TASK TO CARRY OUT. Please restate the entries verbatim. The copy should hold no pictures.
[Opening DATA FOR REVIEW section]
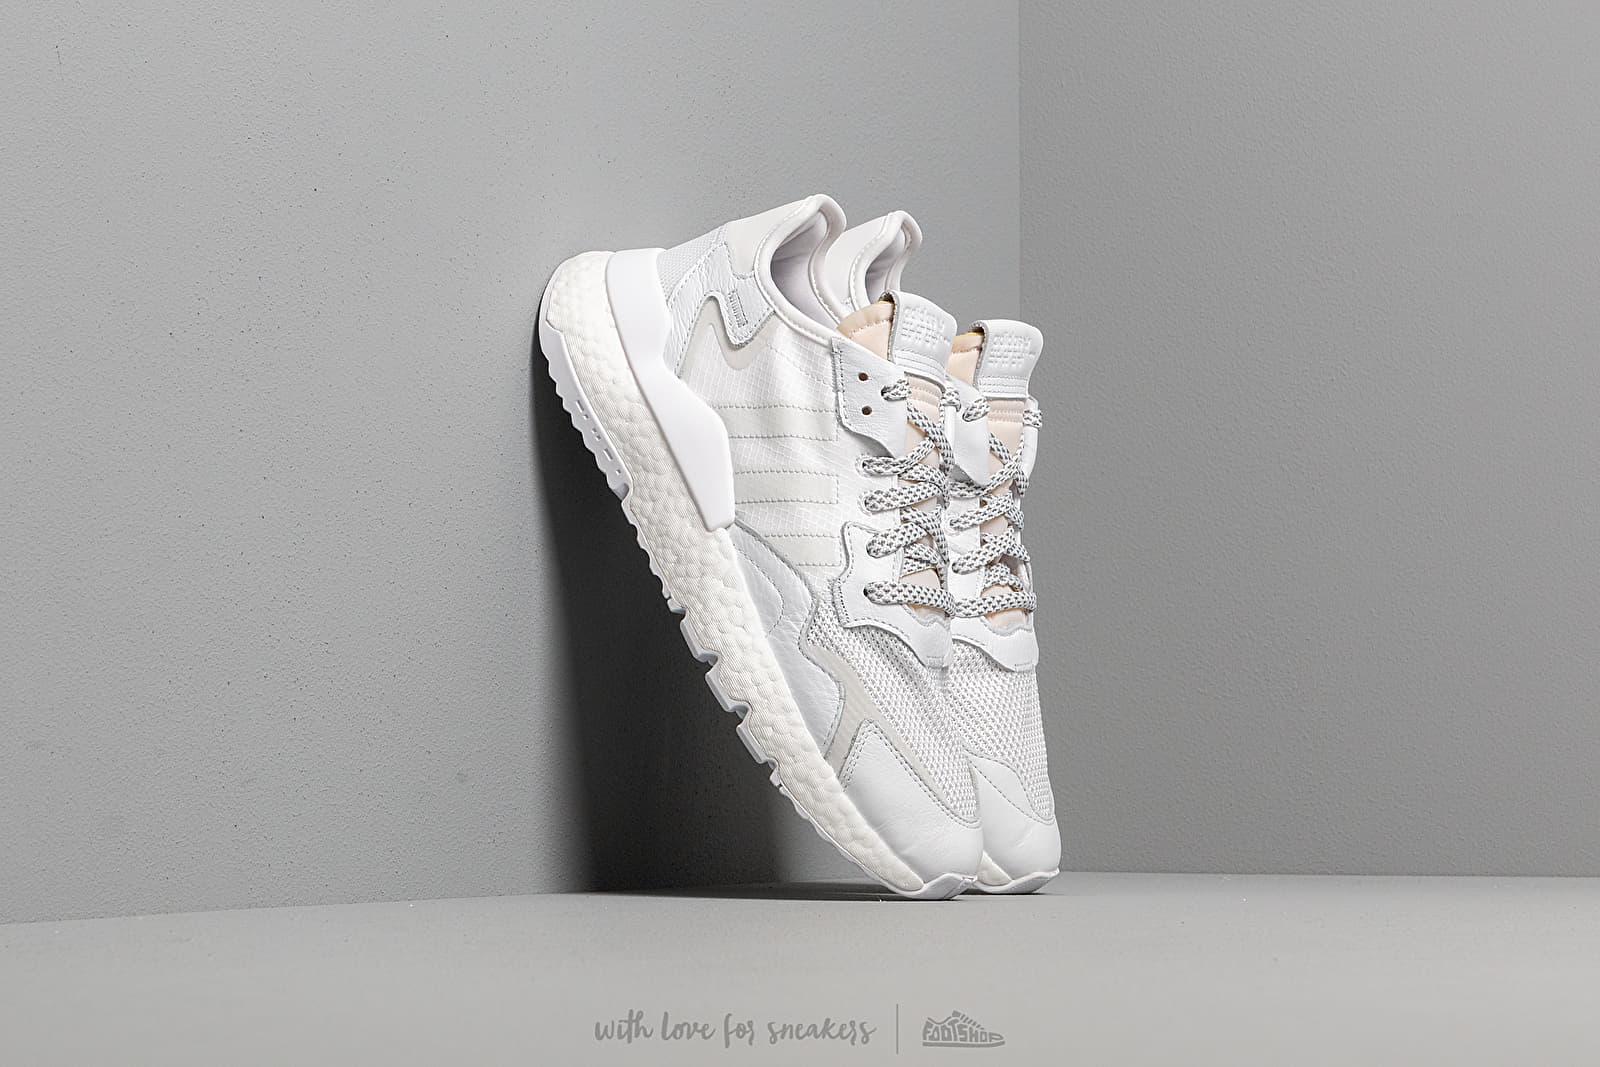 Ανδρικά παπούτσια adidas Nite Jogger Ftw White/ Crystal White/ Crystal White
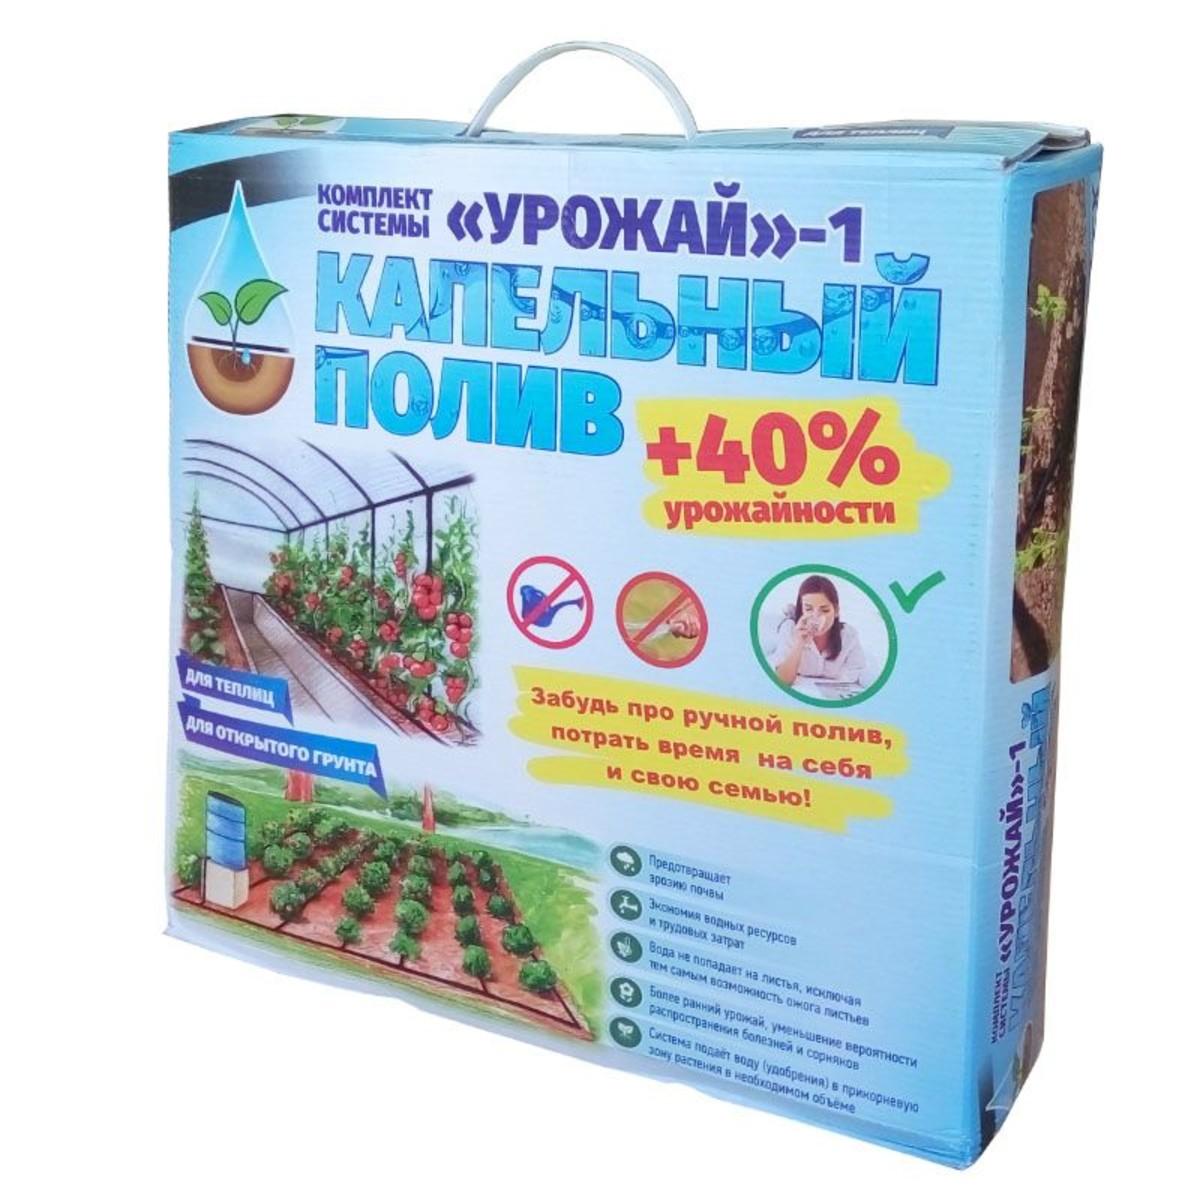 Комплект для капельного полива «Урожай-1»
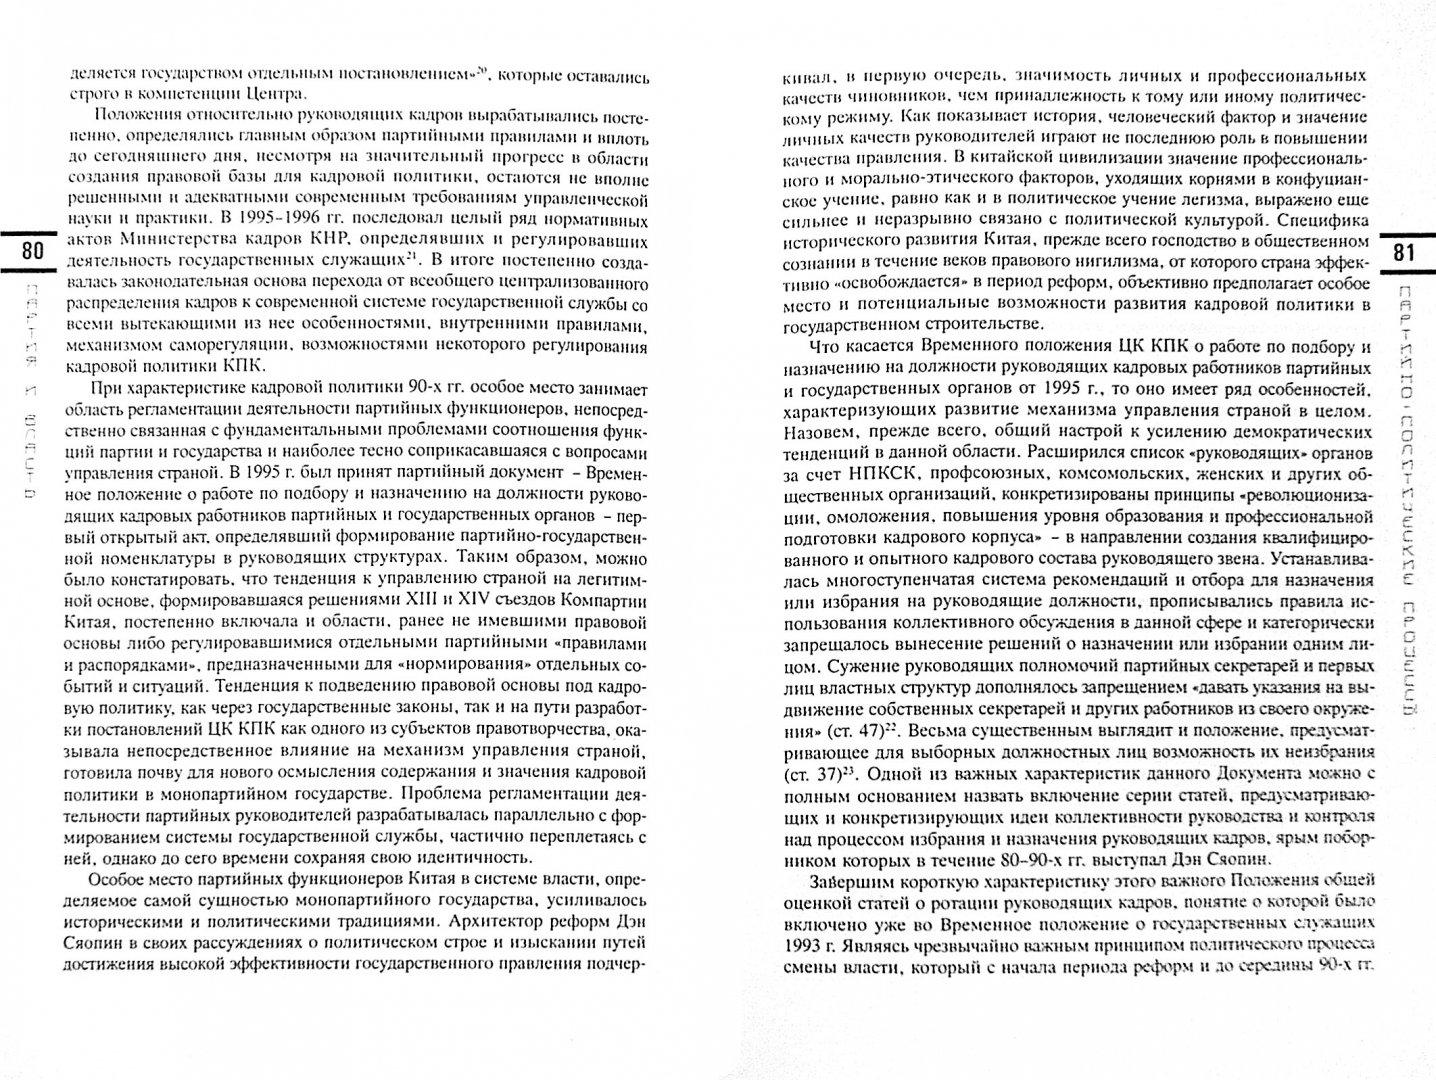 Иллюстрация 1 из 7 для Партия и власть. Компартия Китая и проблема реформы политической системы - Наталья Мамаева | Лабиринт - книги. Источник: Лабиринт
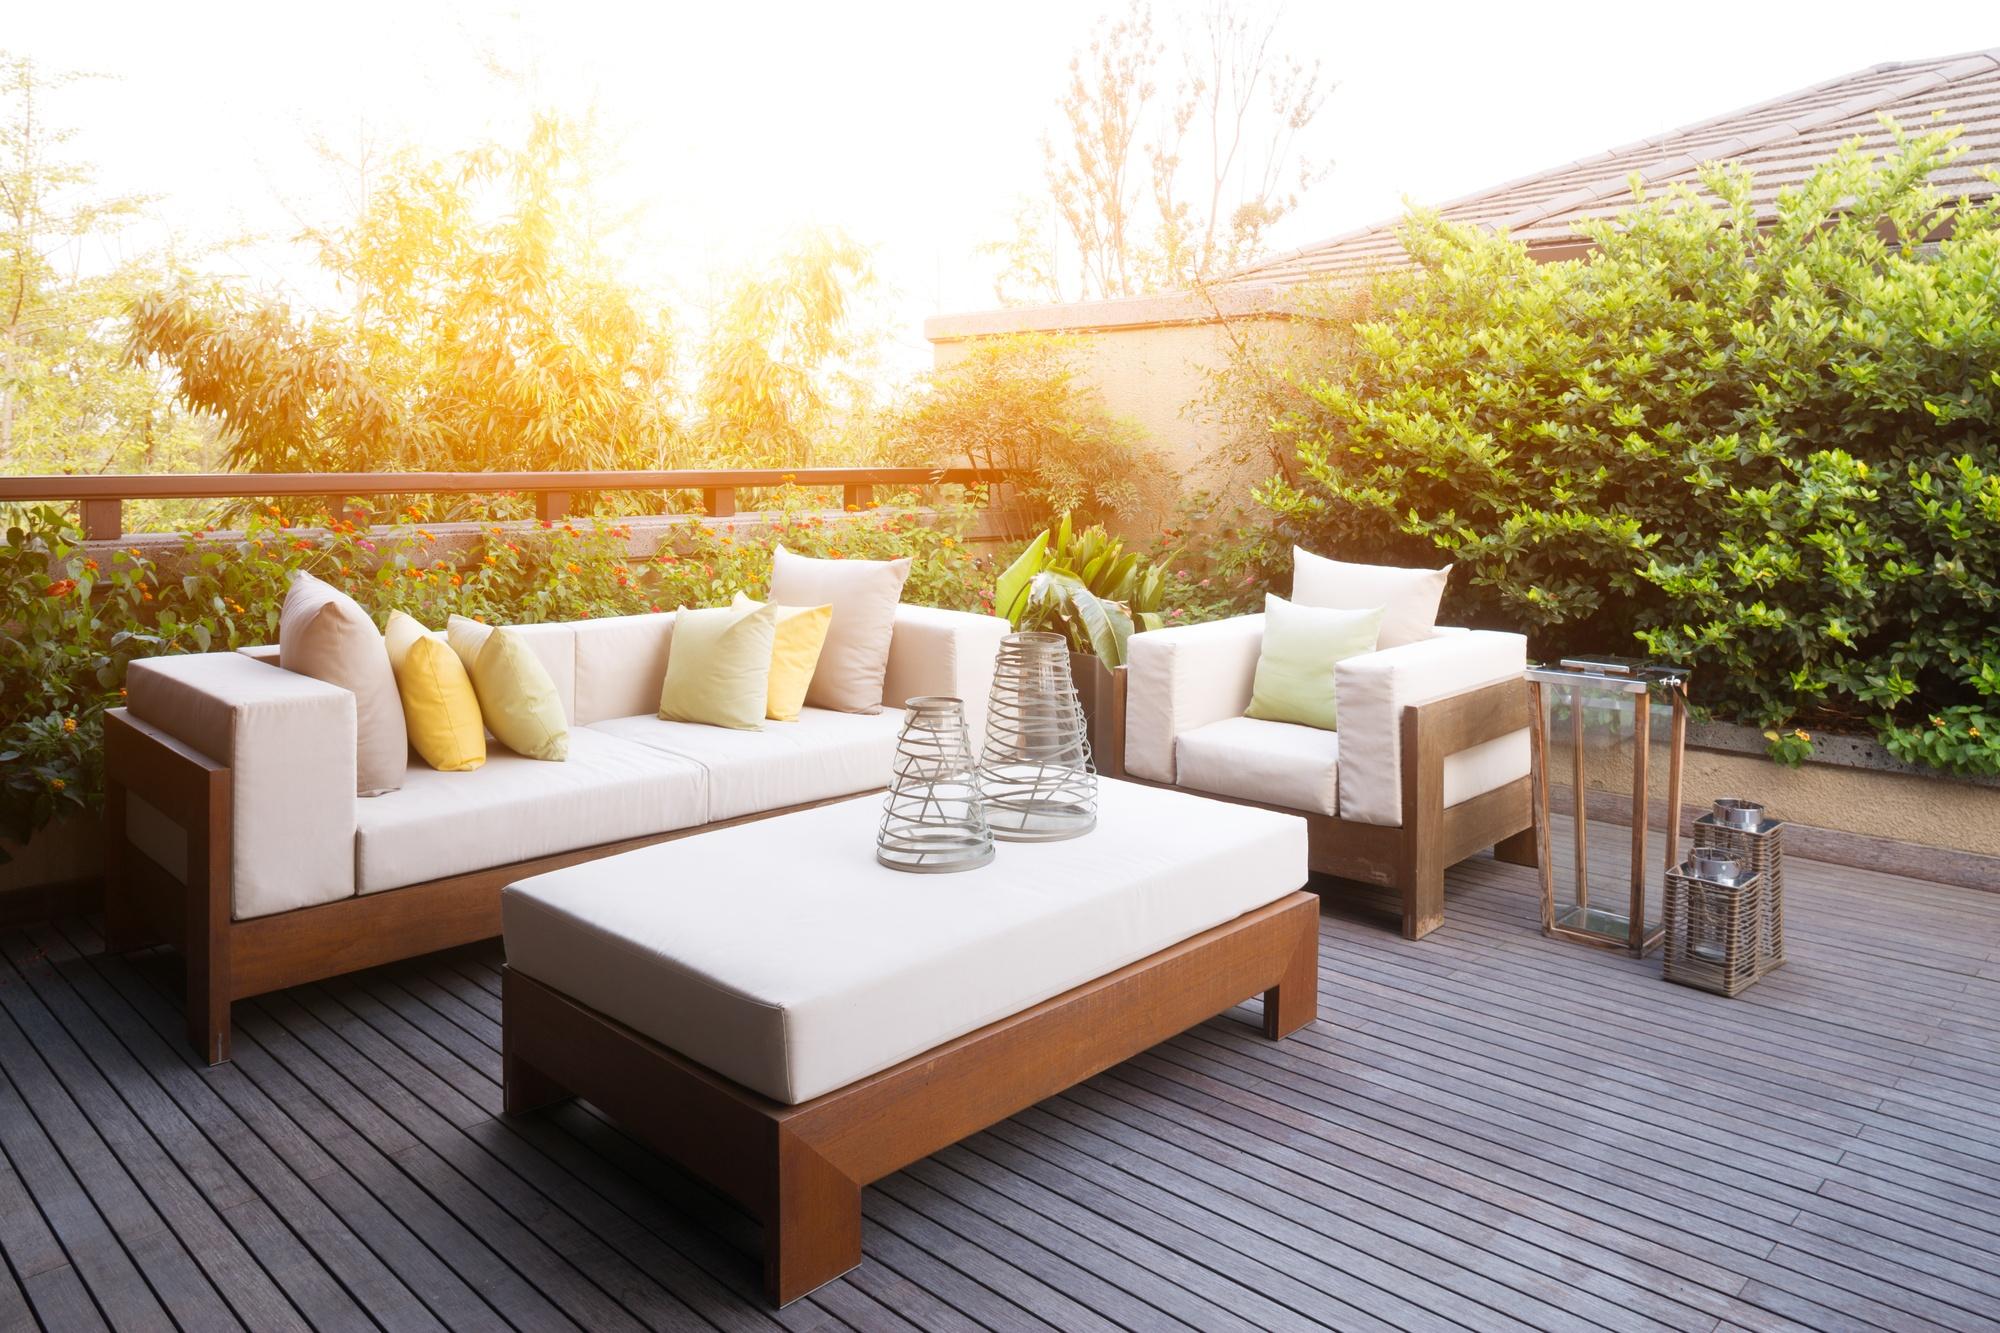 Outdoor Spaces: Creating a Cozy Patio
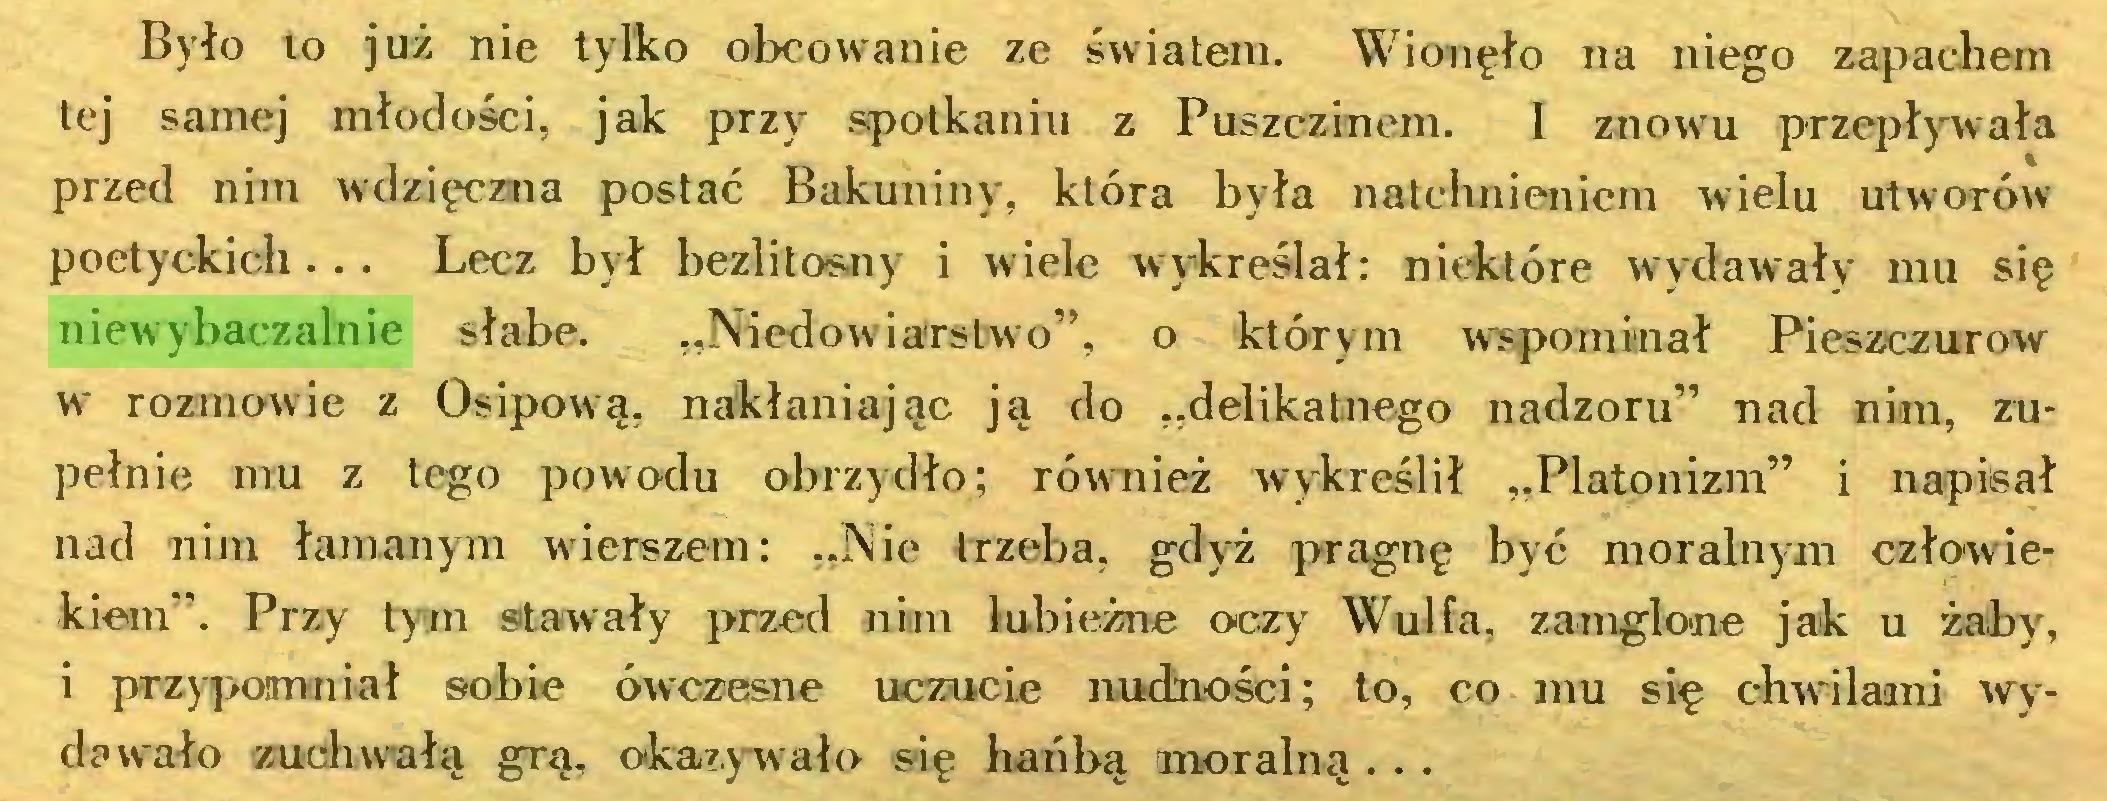 """(...) Było to już nie tylko obcowanie ze światem. Wionęło na niego zapachem tej samej młodości, jak przy spotkaniu z Puszczinem. I znowu przepływała przed nim wdzięczna postać Bakuniny, która była natchnieniem wrielu utworów poetyckich... Lecz był bezlitosny i wiele wykreślał: niektóre wydawały mu się niewybaczalnie słabe. """"Niedowiarstwo"""", o którym wspominał Pieszczurow w rozmowie z Osipową, nakłaniając ją do """"delikatnego nadzoru"""" nad nim, zupełnie mu z tego powodu obrzydło; również wykreślił """"Platonizm"""" i napisał nad nim łamanym wierszem: """"Nie trzeba, gdyż pragnę być moralnym człowiekiem"""". Przy tym stawały przed nim lubieżne oczy Wulfa, zamglone jak u żalby, i przypomniał sobie ówczesne uczucie nudności; to, co mu się chwilami wydawało zuchwałą grą, okazywało się hańbą moralną . . ..."""
[Closing DATA FOR REVIEW section]
RESULT OF THIS TASK.
 Ανδρικά παπούτσια adidas Nite Jogger Ftw White/ Crystal White/ Crystal White
 Комплект для капельного полива «Урожай-1»
 Иллюстрация 1 из 7 для Партия и власть. Компартия Китая и проблема реформы политической системы - Наталья Мамаева | Лабиринт - книги. Источник: Лабиринт
 Outdoor Spaces: Creating a Cozy Patio
 """(...) Było to już nie tylko obcowanie ze światem. Wionęło na niego zapachem tej samej młodości, jak przy spotkaniu z Puszczinem. I znowu przepływała przed nim wdzięczna postać Bakuniny, która była natchnieniem wrielu utworów poetyckich... Lecz był bezlitosny i wiele wykreślał: niektóre wydawały mu się niewybaczalnie słabe. """"Niedowiarstwo"""", o którym wspominał Pieszczurow w rozmowie z Osipową, nakłaniając ją do """"delikatnego nadzoru"""" nad nim, zupełnie mu z tego powodu obrzydło; również wykreślił """"Platonizm"""" i napisał nad nim łamanym wierszem: """"Nie trzeba, gdyż pragnę być moralnym człowiekiem"""". Przy tym stawały przed nim lubieżne oczy Wulfa, zamglone jak u żalby, i przypomniał sobie ówczesne uczucie nudności; to, co mu się chwilami wydawało zuchwałą grą, okazywało się hańbą moralną . . ..."""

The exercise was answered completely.